4. Since u2 + vj = c2j for occupied cells in row 2, then 10 + v3 = 42 or v3 = 32;
and, 10 + v4 = 0 or v4 = -10.
Iteration 2
Calculate the reduced costs (circled numbers on the previous slide) by cij - ui - vj.
Unoccupied Cell Reduced Cost (1,3) 40 - 0 - 32 = 8 (1,4) 0 - 0 - (-10) = 10 (2,1) 30 - 10 - 24 = -4
The most negative reduced cost is = -4 determined by x21. The stepping stone path for this cell is (2,1),(1,1),(1,2),(2,2). The allocations in the subtraction cells are 25 and 20 respectively. Thus the new solution is obtained by reallocating 20 on the stepping stone path. Thus for the next tableau:
x21 = 0 + 20 = 20 (0 is its current allocation)
x11 = 25 - 20 = 5
x12 = 25 + 20 = 45
x22 = 20 - 20 = 0 (blank for the next tableau)

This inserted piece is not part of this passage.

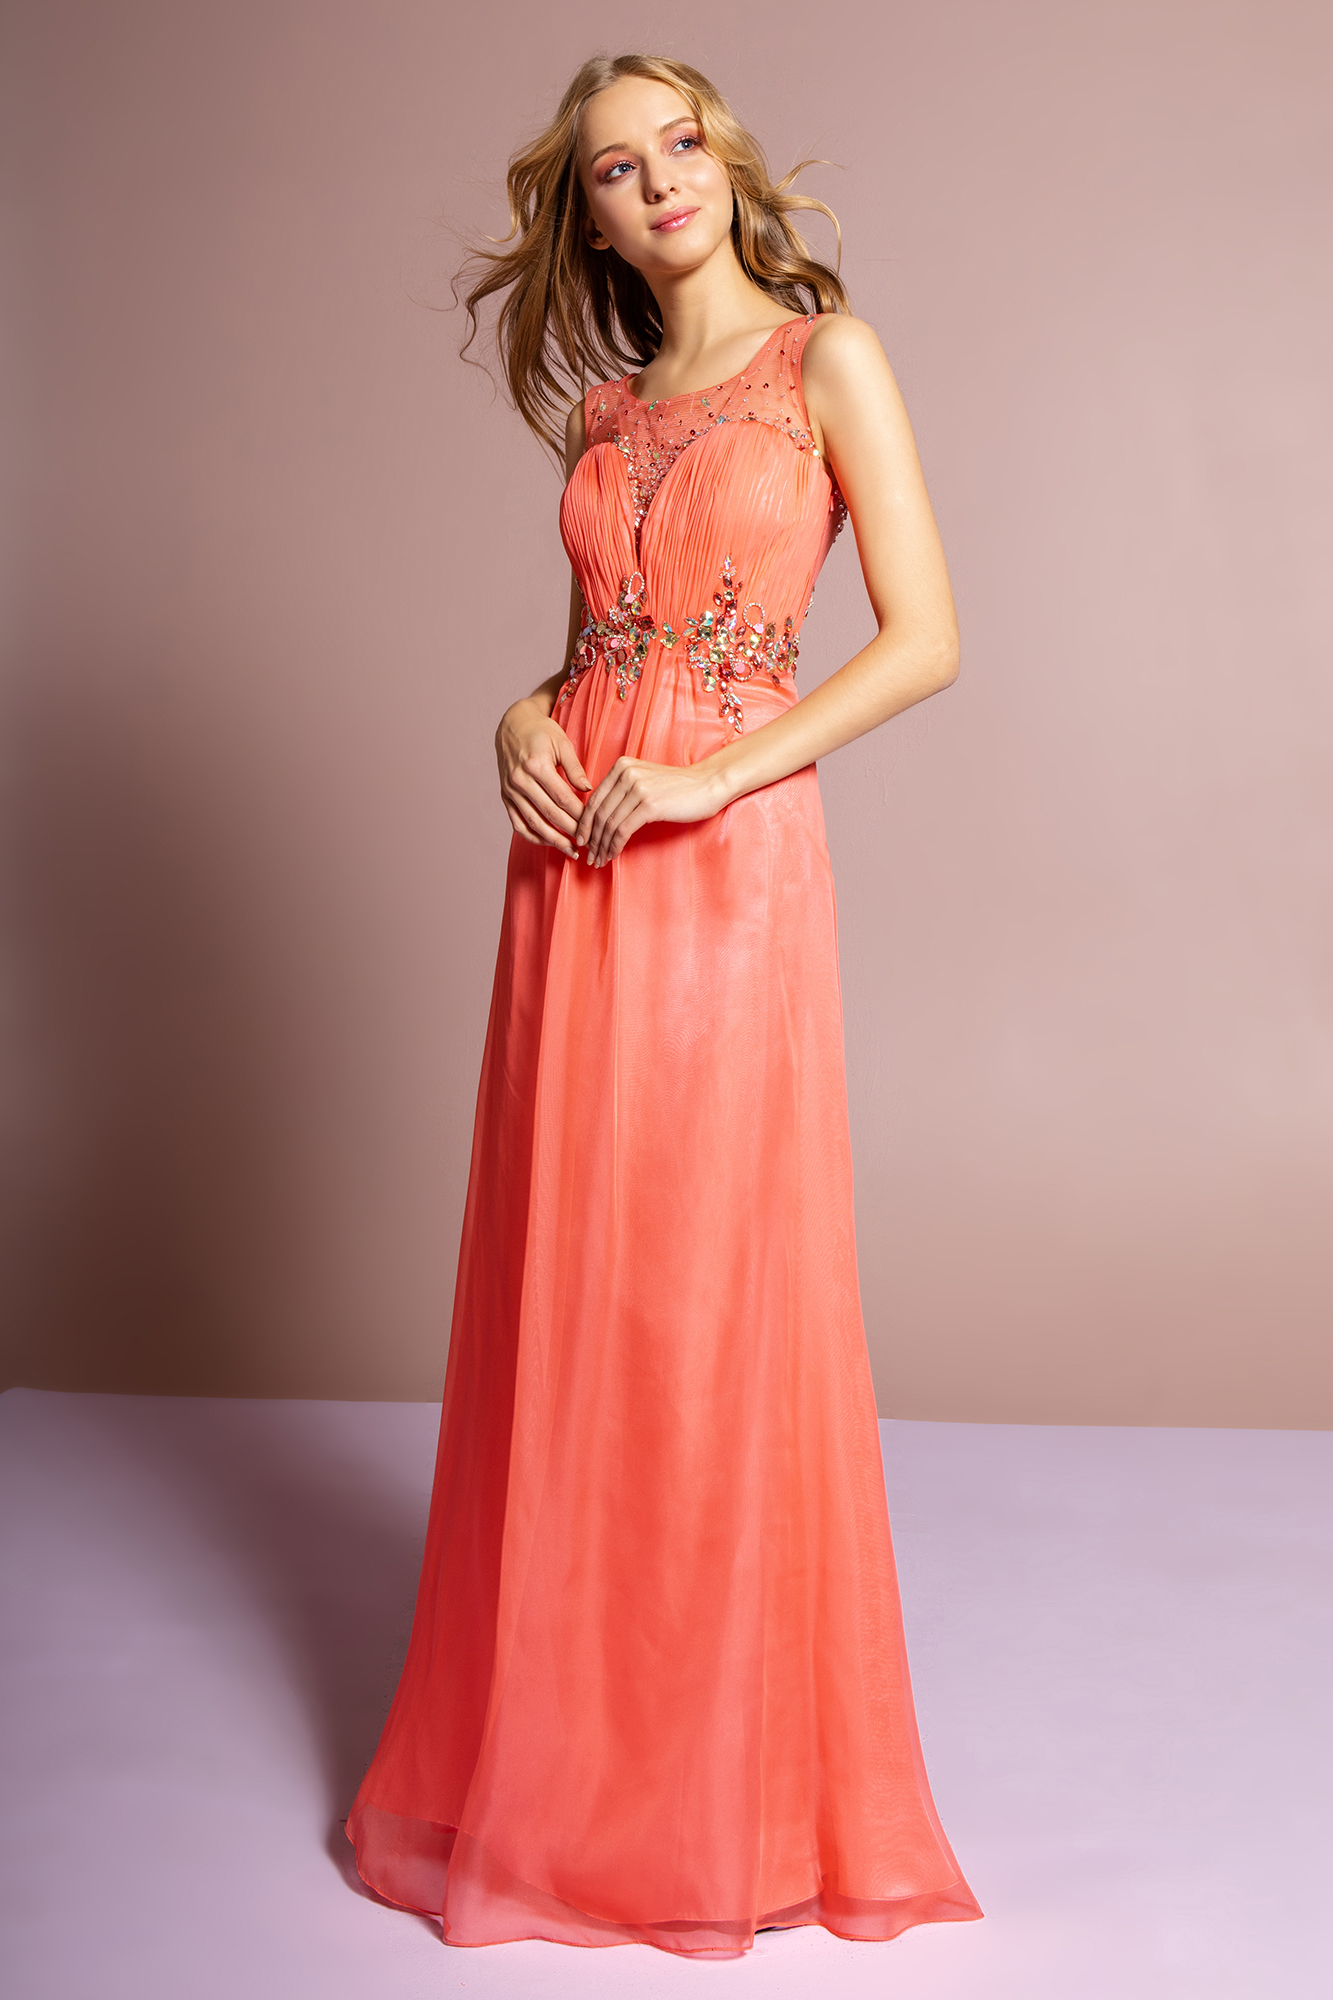 woman in coral gown

The other occupied cells remain the same.
1. Set u1 = 0
2. Since u1 + vj = c1j for occupied cells in row 1, then v1 = 24 and v2 = 30.
3. Since ui + v1 = ci1 for occupied cells in column 2, then u2 + 24 = 30 or u2 =6.
4. Since u2 + vj = c2j for occupied cells in row 2, then 6 + v3 = 42 or v3 = 36, and 6 + v4 = 0 or v4 = -6.
Iteration 3
Calculate the reduced costs (circled numbers on the previous slide) by cij - ui - vj.
Unoccupied Cell Reduced Cost
(1,3) | 40 - 0 - 36 = | 4 |
(1,4) | 0 - 0 - (-6) = | 6 |
(2,2) | 40 - 6 - 30 = | 4 |
Since all the reduced costs are non-negative, this is the optimal tableau.